FCA pushes forward with LTAF investment proposals

The Financial Conduct Authority (FCA) has finalised the rules for its Long-term Asset Fund (LTAF) framework in an effort to encourage greater investment in long-term illiquid assets and generate better returns for pension savers.

The LTAF will be a new FCA-regulated fund that is designed specifically to help investment in assets including venture capital, private equity, private debt, real estate and infrastructure.

It is expected to address the “market failure” of defined contribution (DC) pension schemes not investing in long-term illiquid assets, despite having the investment horizon to do so.

The fund was designed to secure an appropriate degree of protection for consumers, with protections build into the structure that are commensurate with the degree of risk from investing in a fund that is predominantly exposed to illiquid assets.

The FCA acknowledged that these protections cannot remove all investment risk, clarifying however, that it secures an "appropriate level" of consumer protection for investors to whom an LTAF can be marketed or offered as part of a DC pension scheme default strategy.

“The LTAF means that scheme members now have better opportunities to benefit from potential illiquidity premiums of long-term illiquid assets,” it stated.

“By requiring the LTAF’s redemption terms to match the liquidity of the underlying investments, we consider this will help advance our market integrity objective.”

The FCA has also confirmed that it will push ahead with proposed amendments to permitted link rules, including removing the 35 per cent limit for LTAF-linked funds that form part of the default arrangement of a pension scheme.

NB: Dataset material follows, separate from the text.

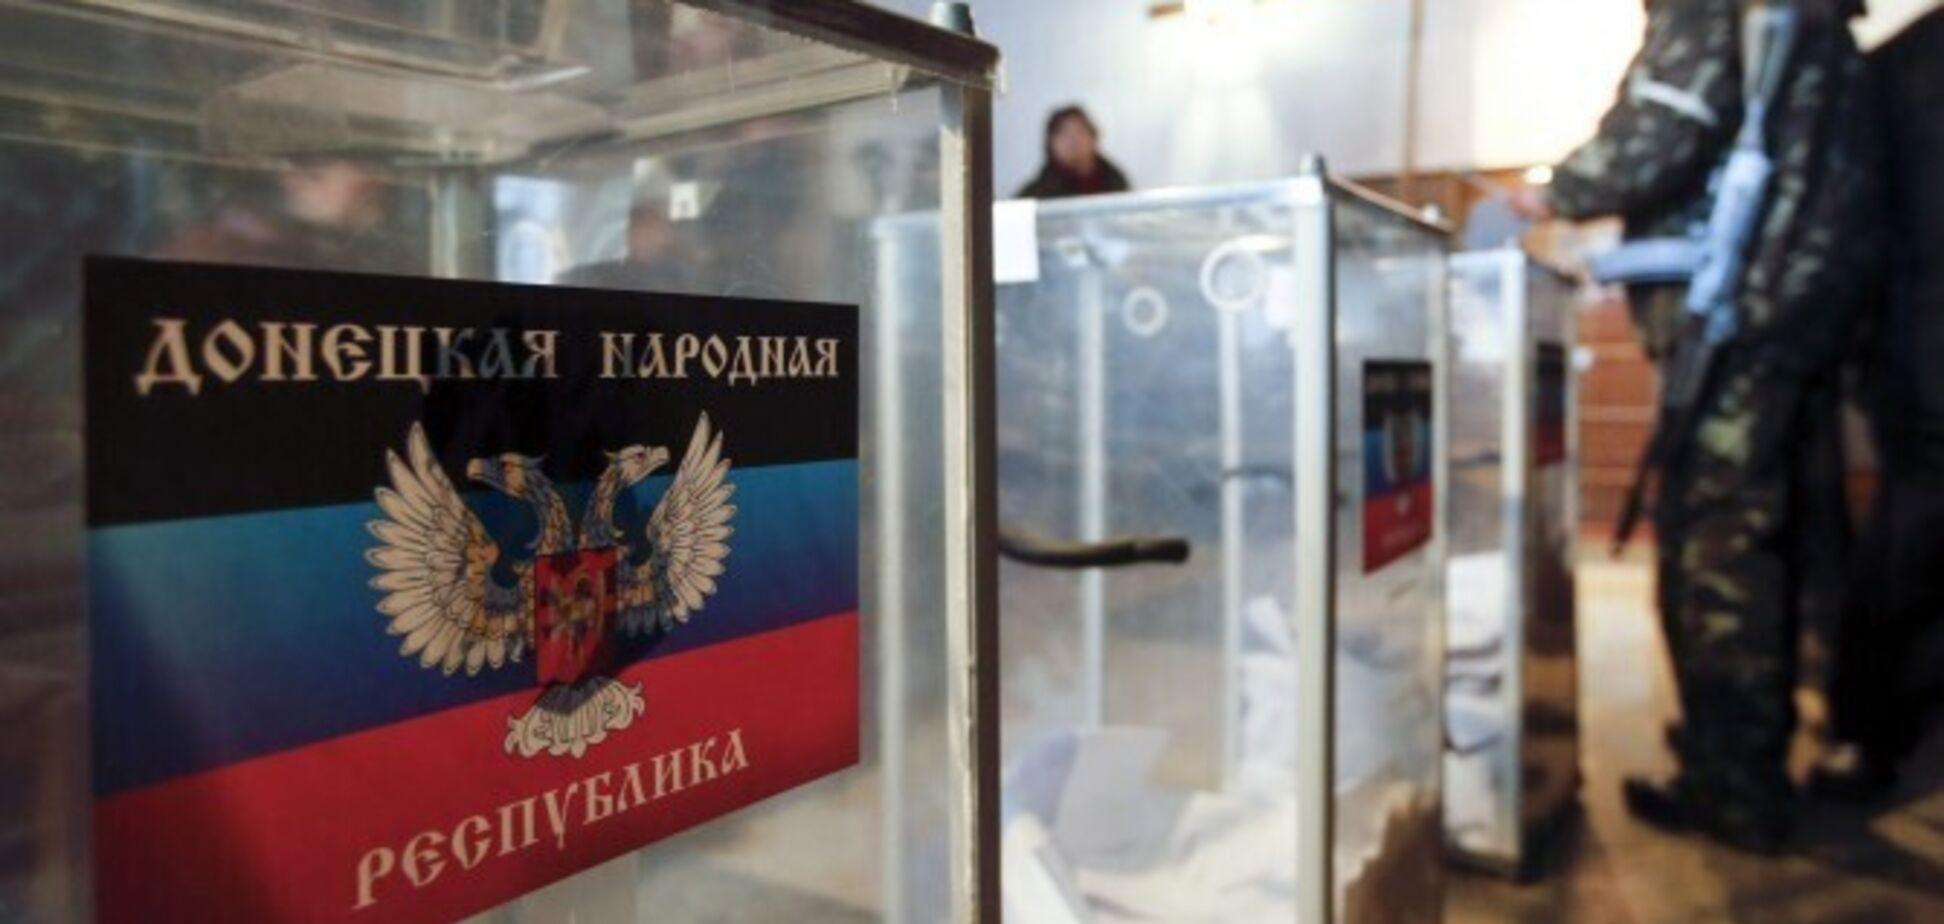 Названы реальные сроки проведения выборов на Донбассе

The amendments are expected to allow more flexibility in the the use of illiquid assets via the LTAF, to enable more flexibility in the construction of DC scheme portfolios while maintaining an adequate level of protection for DC default scheme investors.

Whilst the FCA has confirmed that it will not be adding specific sustainability disclosures to the rules, it clarified that the government's recently announced sustainability disclosure regime is anticipated to apply to LTAFs.

Commenting on the plans, FCA chief executive, Nikhil Rathi, said: "We are supporting fresh collaborative thinking designed to improve the effectiveness of UK markets while protecting standards.

“If this innovative fund structure, created by our rules, is taken up by the asset management industry, it may provide alternative routes to returns for investors, while supporting economic growth and the transition to a low carbon economy."

The FCA also confirmed that whilst the LTAF will be treated as an non-mainstream pooled investment and will initially be marketed to professional investors, such as DC pension schemes, it will be consulting next year on the potential for widening the distribution of the LTAF to certain retail investors, as recently recommended by the Productive Finance Working Group.